**TASK STATEMENT**. An exact copy of every entry is needed, without any of the pictures.

**DATA TO EXAMINE**.
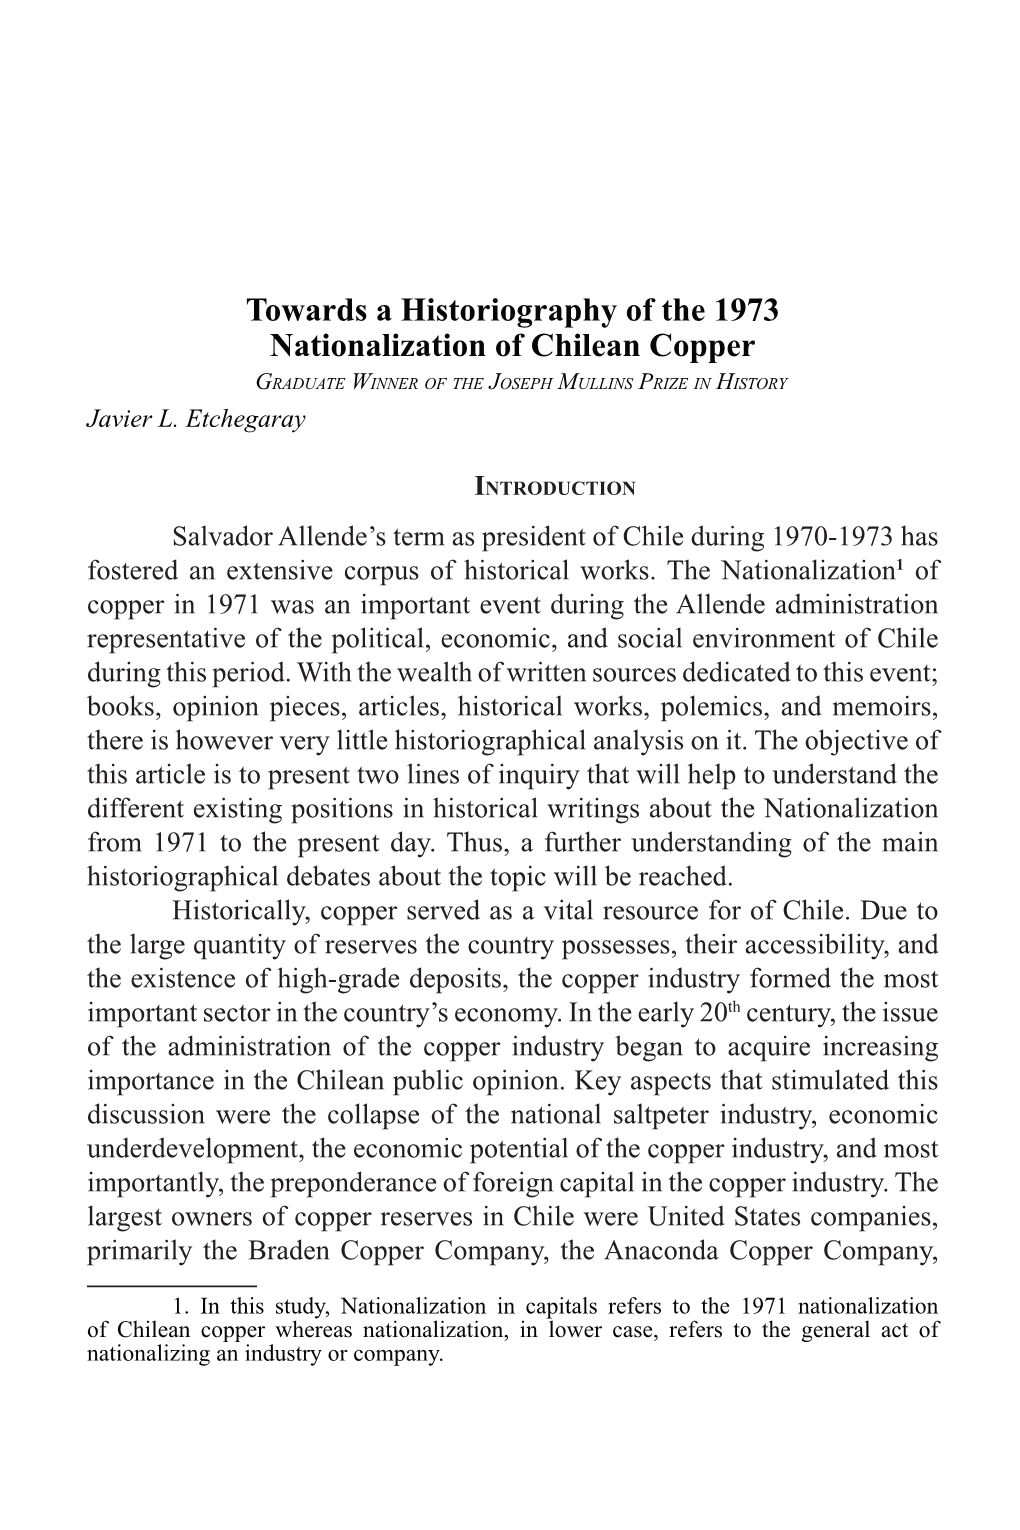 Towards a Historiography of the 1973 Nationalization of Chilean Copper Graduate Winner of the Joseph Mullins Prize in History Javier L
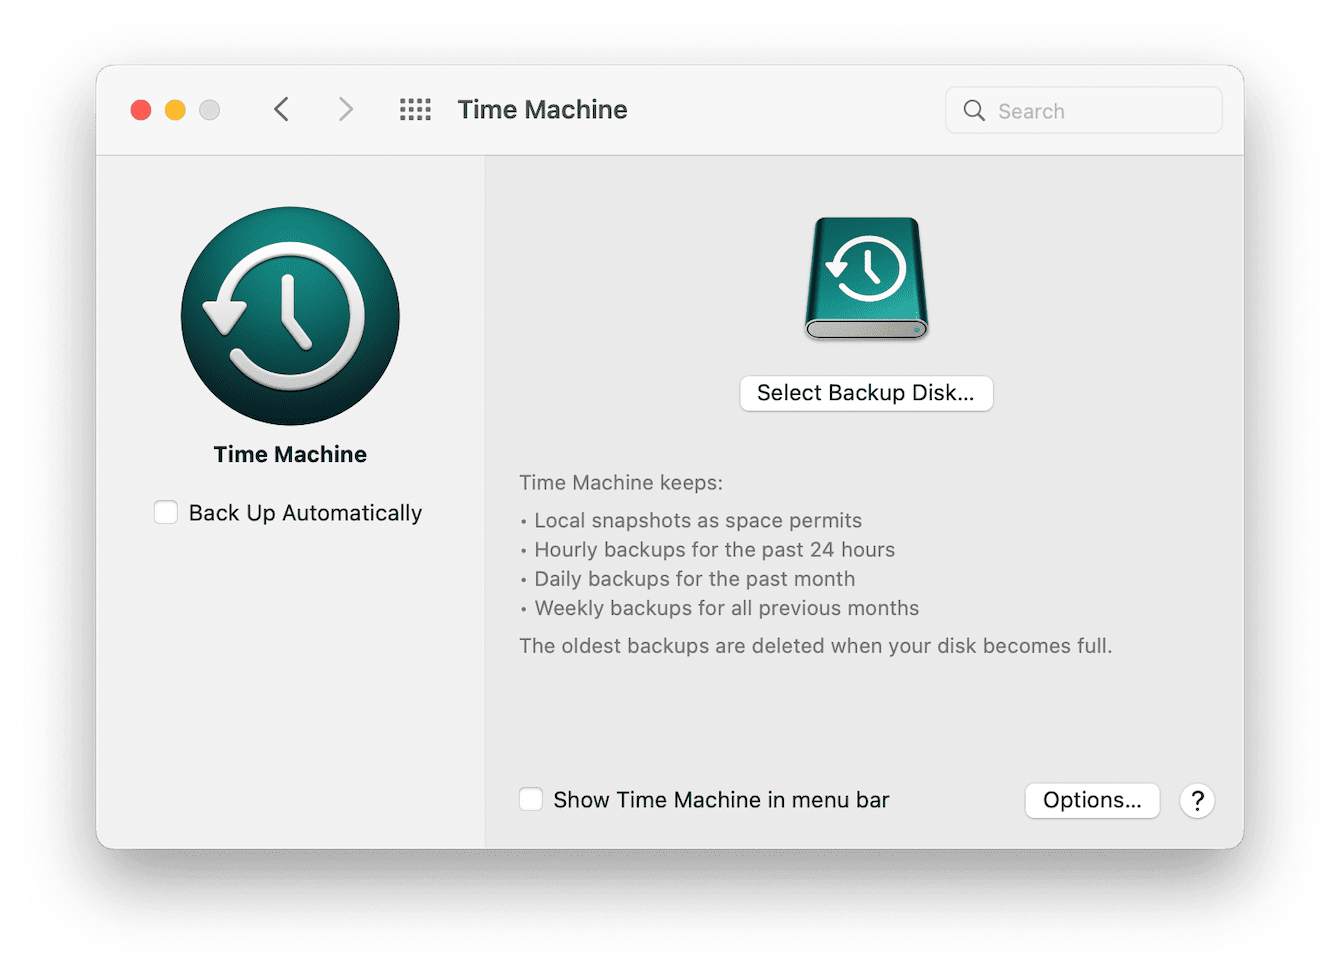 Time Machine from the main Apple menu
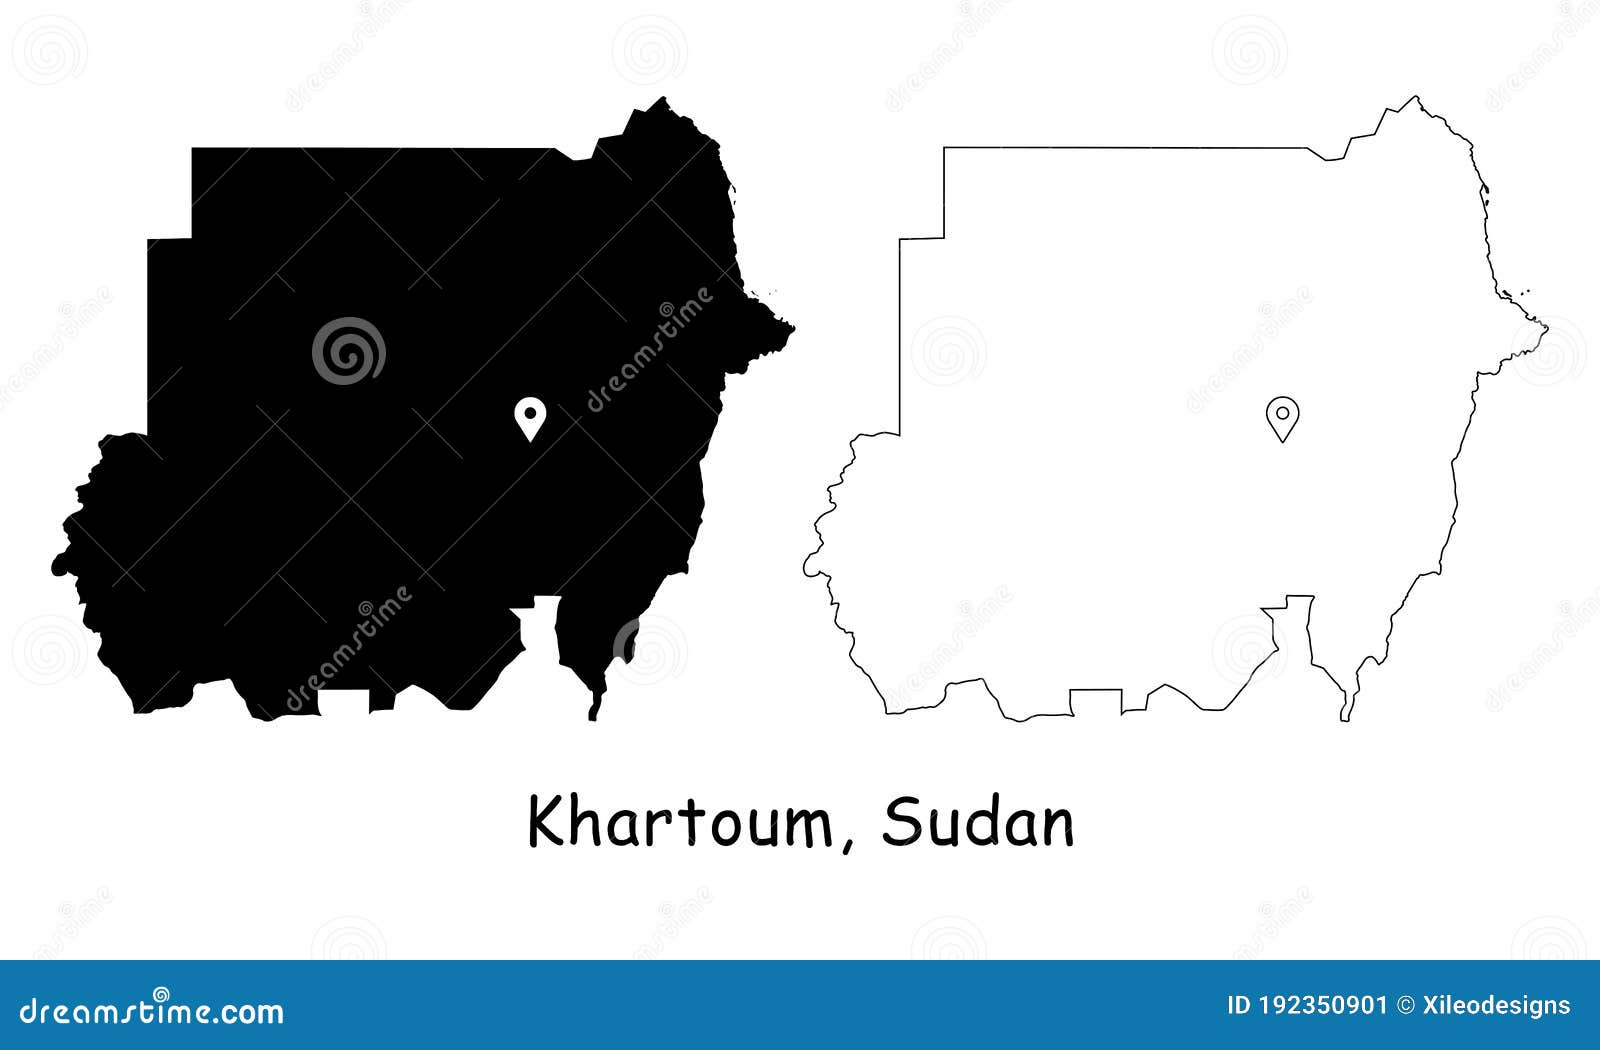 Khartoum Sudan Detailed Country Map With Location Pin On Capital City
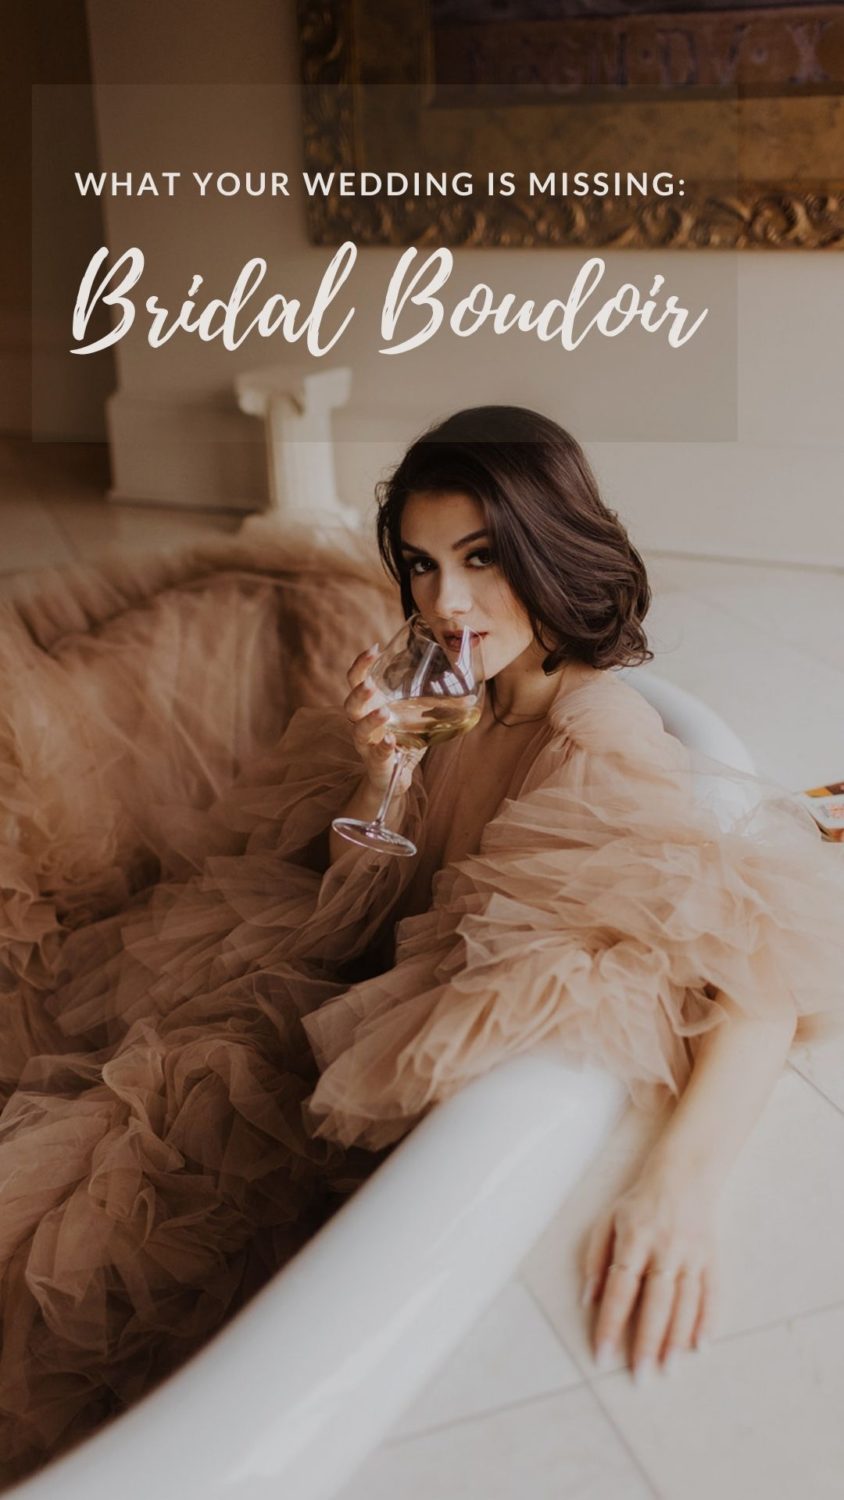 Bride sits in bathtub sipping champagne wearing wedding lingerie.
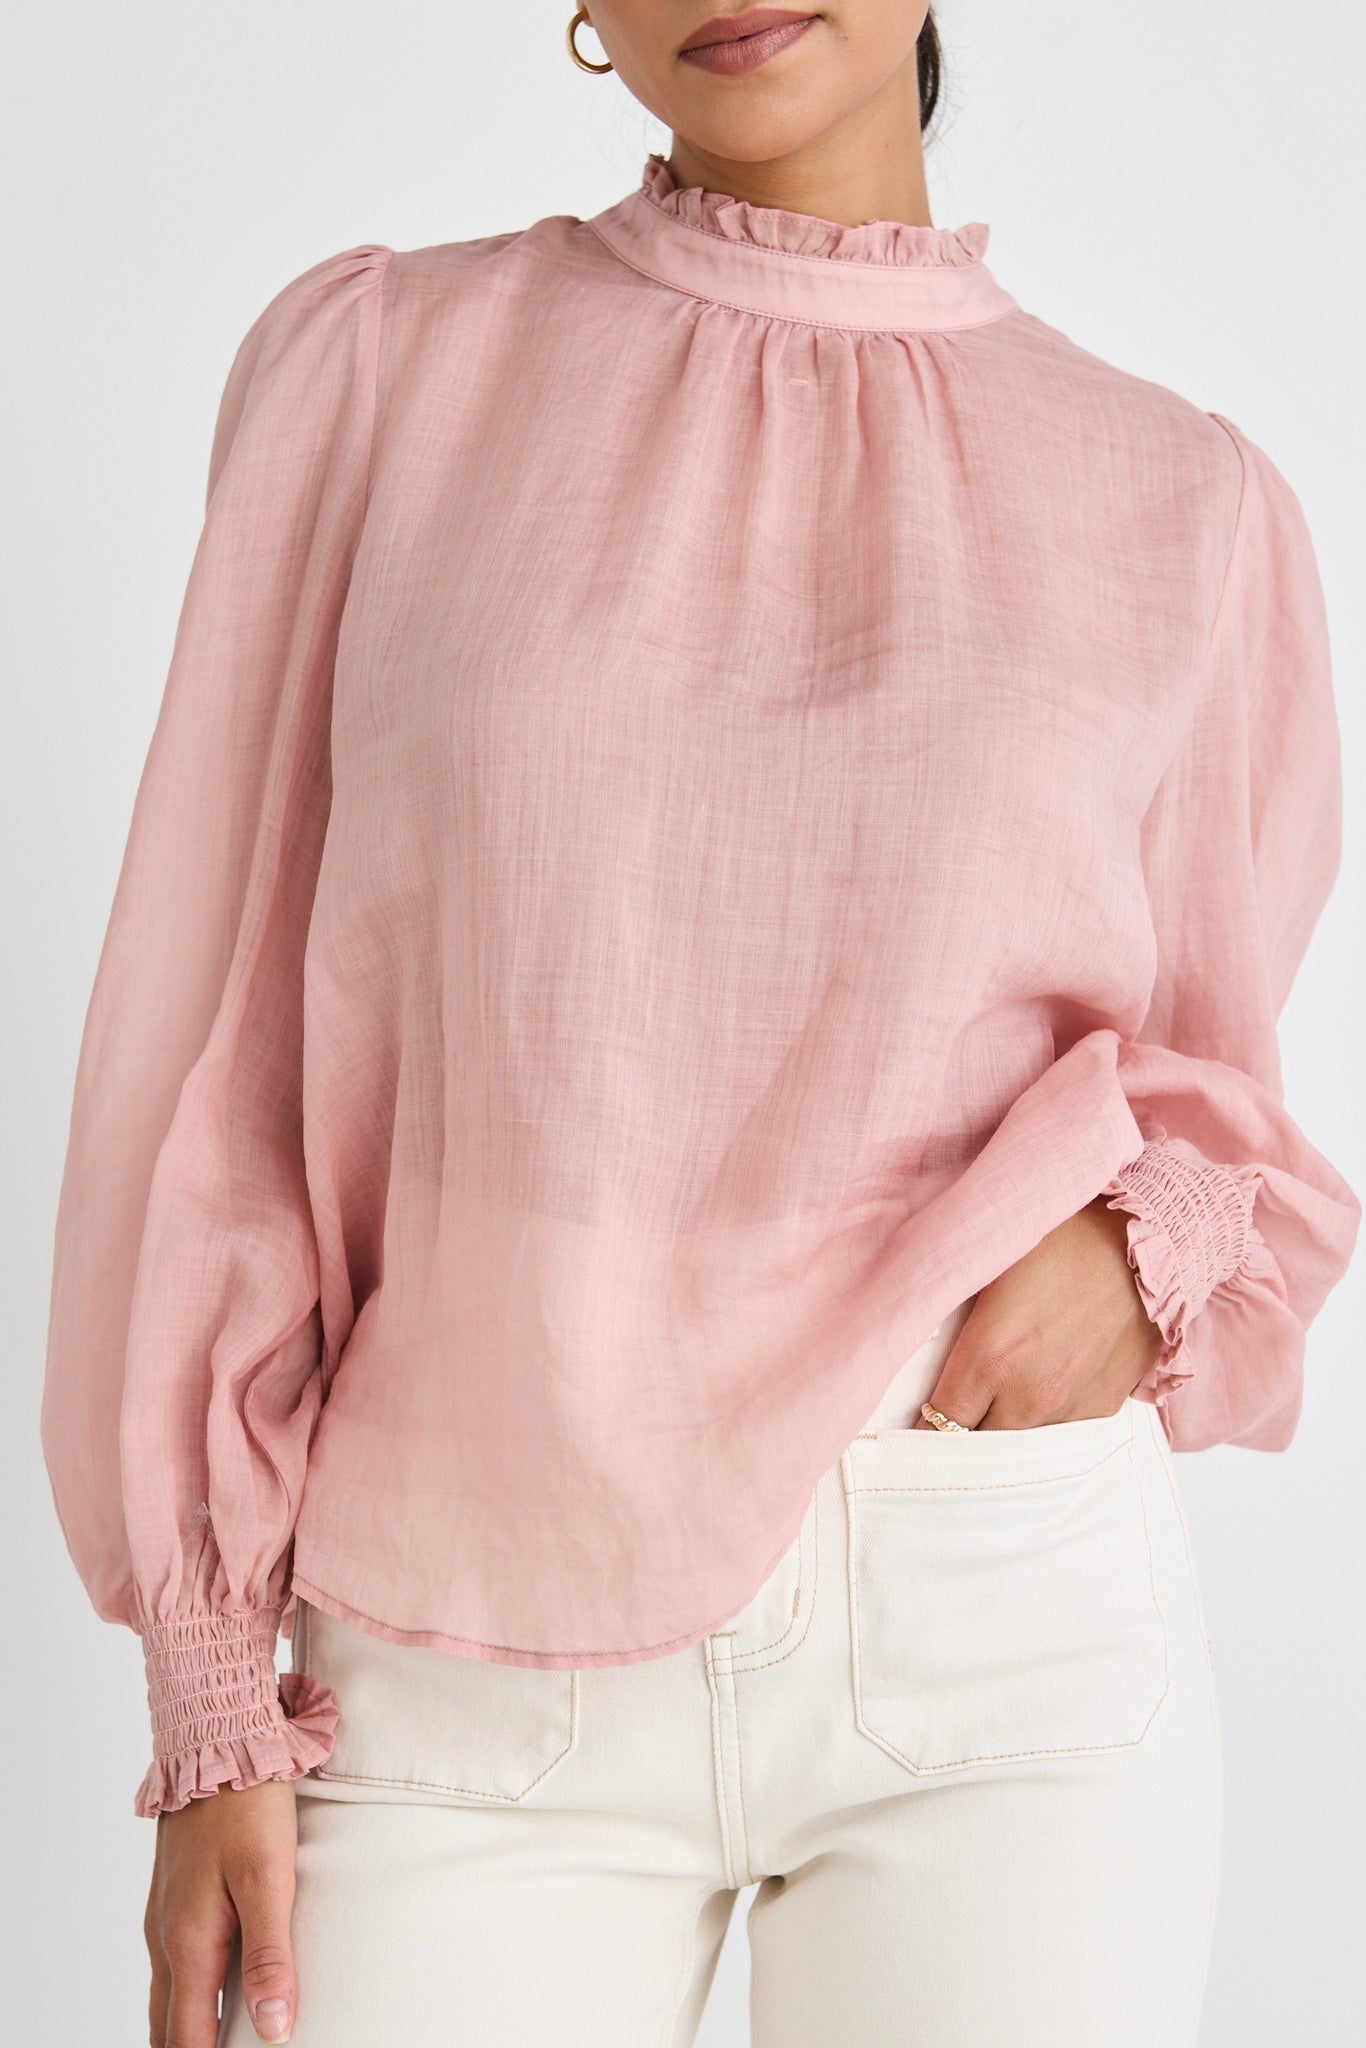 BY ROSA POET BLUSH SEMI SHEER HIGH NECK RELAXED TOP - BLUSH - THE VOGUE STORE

**WRITTEN ANSWER**.
 Towards a Historiography of the 1973 Nationalization of Chilean Copper Graduate Winner of the Joseph Mullins Prize in History Javier L
 Time Machine from the main Apple menu
 Khartoum Sudan Detailed Country Map With Location Pin On Capital City
 Bride sits in bathtub sipping champagne wearing wedding lingerie.
 BY ROSA POET BLUSH SEMI SHEER HIGH NECK RELAXED TOP - BLUSH - THE VOGUE STORE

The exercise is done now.